The comparison of food groups’ consumption also disclosed substantial differences in the intake of vegetables, fruits, legumes, and nuts (only between NEAP tertiles). The ratio of animal protein to potassium and the ratio of vegetable protein to potassium, in both NEAP and PRAL tertiles, showed a significant increase. Table 3 outlines OR and 95% CIs for crude and adjusted models for gallstone. The crude model failed to show any significant association between the odds of GD and PRAL (P trend = 0.089) and NEAP (P trend = 0.082).
Age- and sex-adjustment significantly increased the risk of gallstones (P trend: 0.047) in the second (OR: 1.03; 95% CI: 0.99, 1.04) and third (OR: 1.18; 95% CI: 0.48, 1.2) tertiles of PRAL. Also, compared with those who were in the first tertile, the risk of GD was 25% (OR: 1.25; 95% CI: 0.9, 2.3) and 51% higher (OR: 1.51; 95% CI: 0.54, 1.36) in the second and third tertiles of PRAL, respectively, after adjustment of all the confounders (P trend: 0.023). Similarly, a higher NEAP was associated with an increased risk of gallstones. Compared with the first tertile of NEAP, the risk of gallstones showed an increase in the risk of GD by 19% (OR: 1.19; 95% CI: 0.78, 1.84) and 48% (OR: 1.48; CI: 0.9, 2.3), respectively, in the second and third tertiles, after adjustment of all confounders (P trend: 0.037).
Discussion
This case-control study found a direct association between dietary PRAL and NEAP scores and an increased risk of gallstones. Additionally, a significant inverse relationship was observed between the intake of legumes, nuts, and seeds and the NEAP score. Participants with higher PRAL and NEAP scores tended to consume more grains and fewer fruits and vegetables. While the relationship between DAL and various gastrointestinal disorders has been widely studied [17, 27, 28], his is the first study, to our knowledge, to investigate the association between DAL and the risk of GD.
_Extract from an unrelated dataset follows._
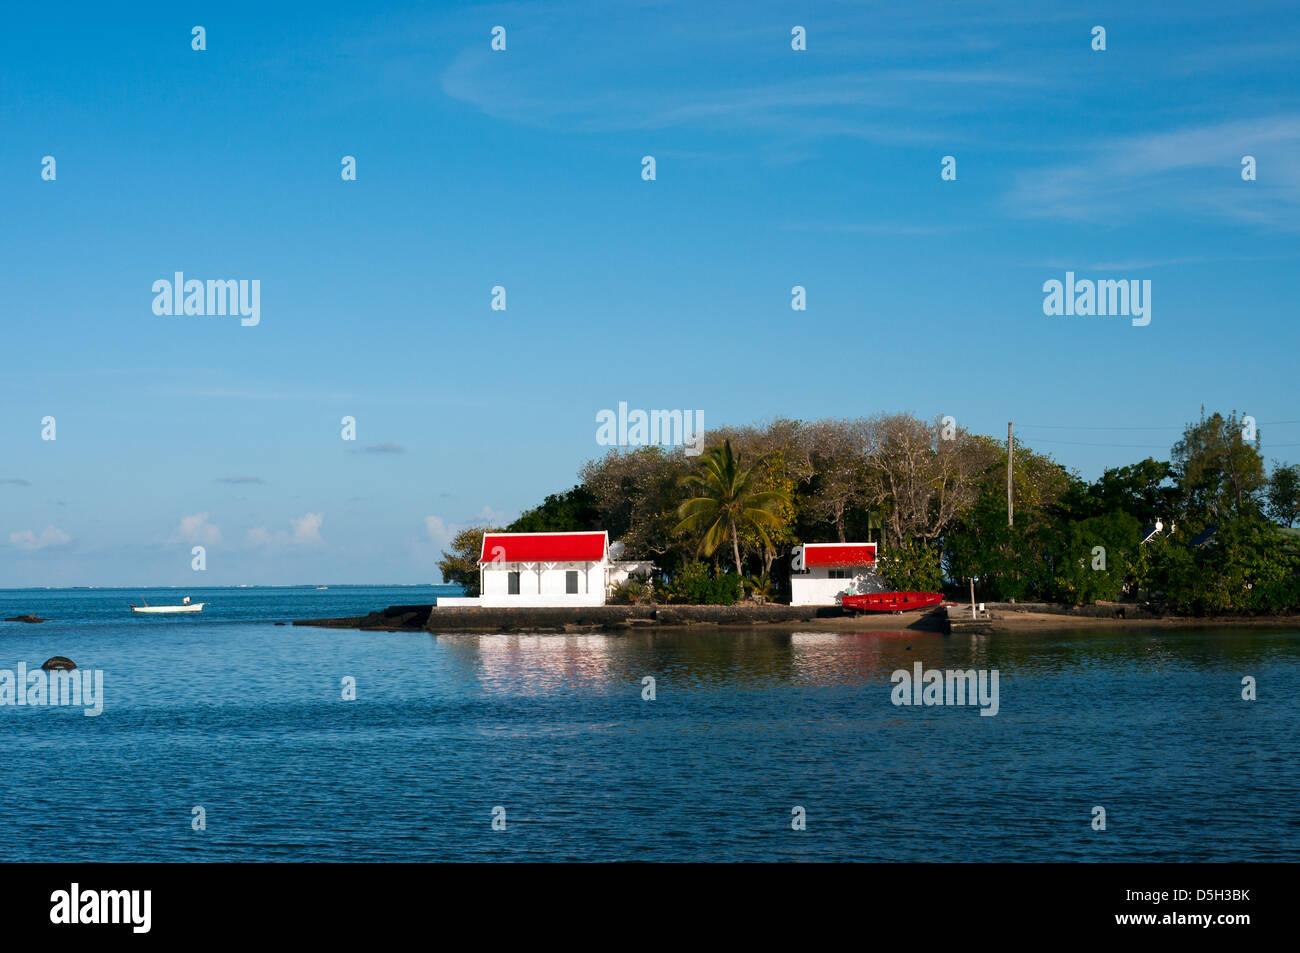 mahebourg, mauritius - Stock Image

Several factors, such as obesity, insulin resistance, inflammation, and gut microbiota, directly or indirectly contribute to the formation of gallstones [29]. Consistent with prior studies, our findings indicate that increased grain intake is associated with higher dietary acid load [18, 30]. Previously, in the study of Konner et al. [31], grains were considered as acid-yielding food, and Scialla et al. [32] also mentioned cereals as acid-inducing food. However, the type of grain - refined versus whole - is important in this context. In the present study, there was a significant difference in refined grain intake between NEAP and PRAL diets, but there was no difference in whole grains, which is of course due to the lack of availability and accessibility of whole grains in our culture. Grain consumption has been linked to increased insulin resistance [33], which in turn is a known risk factor for gallstones [34]. Furthermore, acidosis may increase magnesium secretion, which in turn can lead to insulin resistance [18]. Additionally, high-carbohydrate, low-fat diets may also impair cholecystokinin (CCK) secretion, leading to reduced gallbladder motility and bile supersaturation, further increasing the risk of gallstone formation [29].
Moreover, gallstones and metabolic syndrome share several common risk factors, such as obesity, dyslipidemia, and hyperglycemia [35]. Previous studies have demonstrated that dietary acid load is linked to these risk factors [36, 37], suggesting that an increase in dietary acid load may contribute to a higher risk of gallstones. Indeed, our findings support this hypothesis.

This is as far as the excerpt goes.